An unstable patient who is experiencing PSVT, AF, or atrial flutter associated with Wolff-Parkinson-White syndrome should receive synchronized cardioversion.Preventive long-term therapies for WPW patients who have experienced arrhythmia include antiarrhythmic medications or ablative procedures. Long-term antiarrhythmic therapy often is reserved for older, more sedentary individuals with less frequent arrhythmias that are not life-threatening. Radiofrequency ablation is a popular option, with long-term success rates as high as 95% and complication rates <1%.23 Patients in whom a WPW pattern is identified incidentally on EKG should be referred to cardiology for EP studies and risk stratification.25
CASE 4 › A 61-year-old woman has an episode of substernal exertional chest pressure that lasted approximately 2 hours but resolved before she arrived at her physician’s office. She also experienced mild nausea. She has no history of coronary artery disease but says that she has experienced similar episodes of chest pressure. What abnormality is seen on her EKG (FIGURE 4)? What is the most likely cause of her symptoms?

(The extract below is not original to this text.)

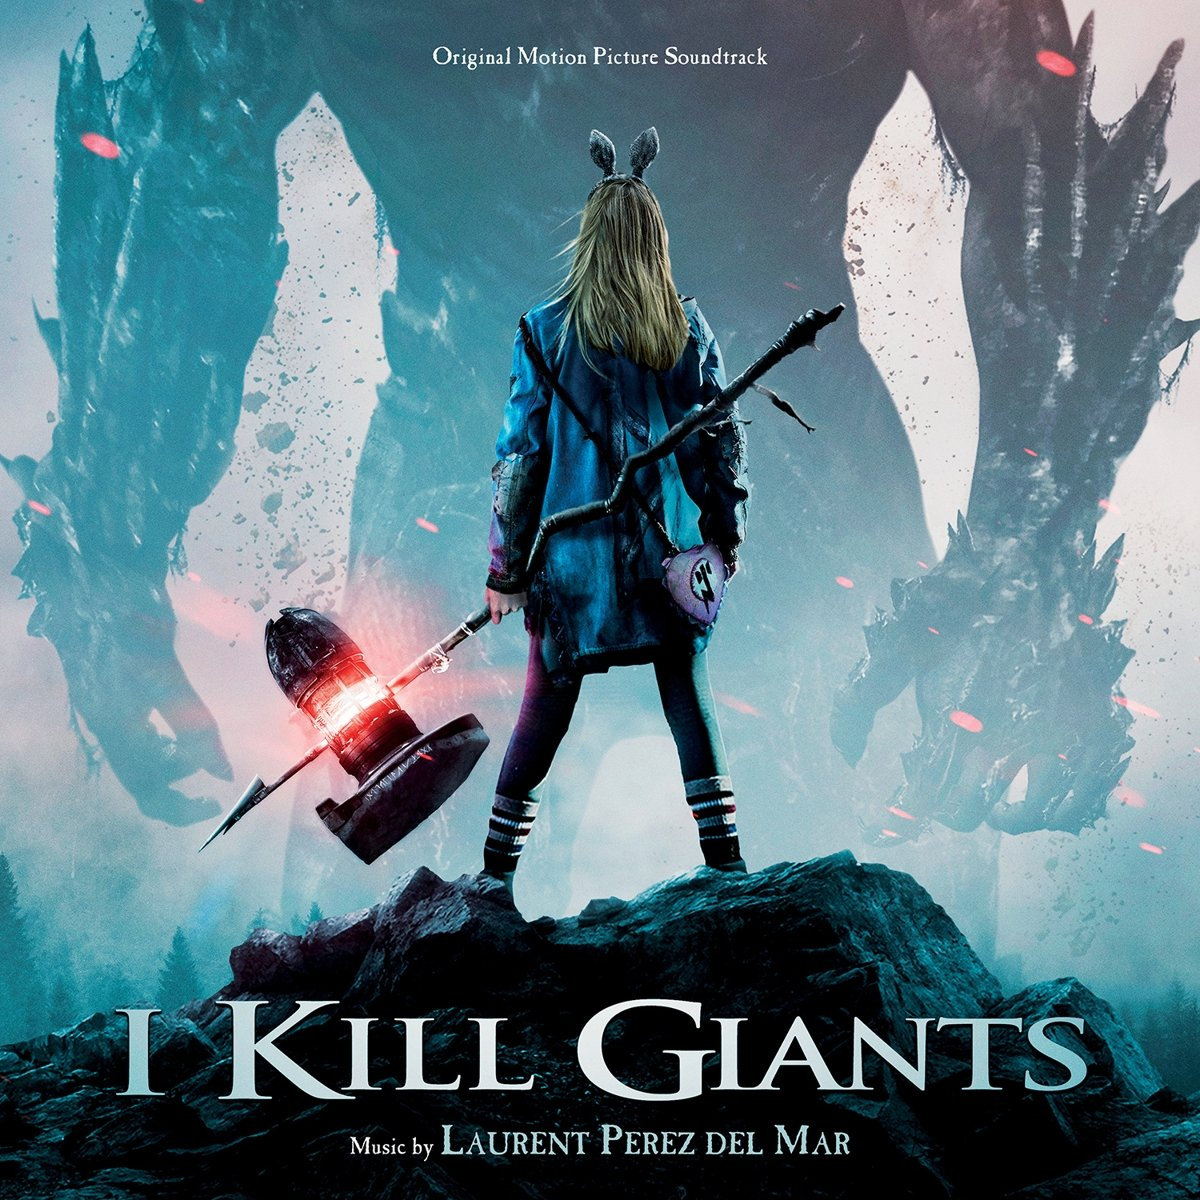 I Kill Giants: Original Motion Picture Soundtrack

The EKG abnormality and diagnosis. Although classically associated with syncope, hypertrophic cardiomyopathy (HCM) often presents similarly to acute coronary syndromes, with chest pain and dyspnea on exertion.26 This patient had no history of cardiac disease or family history of SCD or cardiomyopathy; however, her EKG showed changes indicating left ventricular hypertrophy (LVH), which is consistent with HCM (FIGURE 4, ARROWS). Echocardiography identified myocardial hypertrophy, normal left ventricular ejection fraction, but severe left ventricular outflow obstruction and mild diastolic dysfunction. She was treated with metoprolol and verapamil.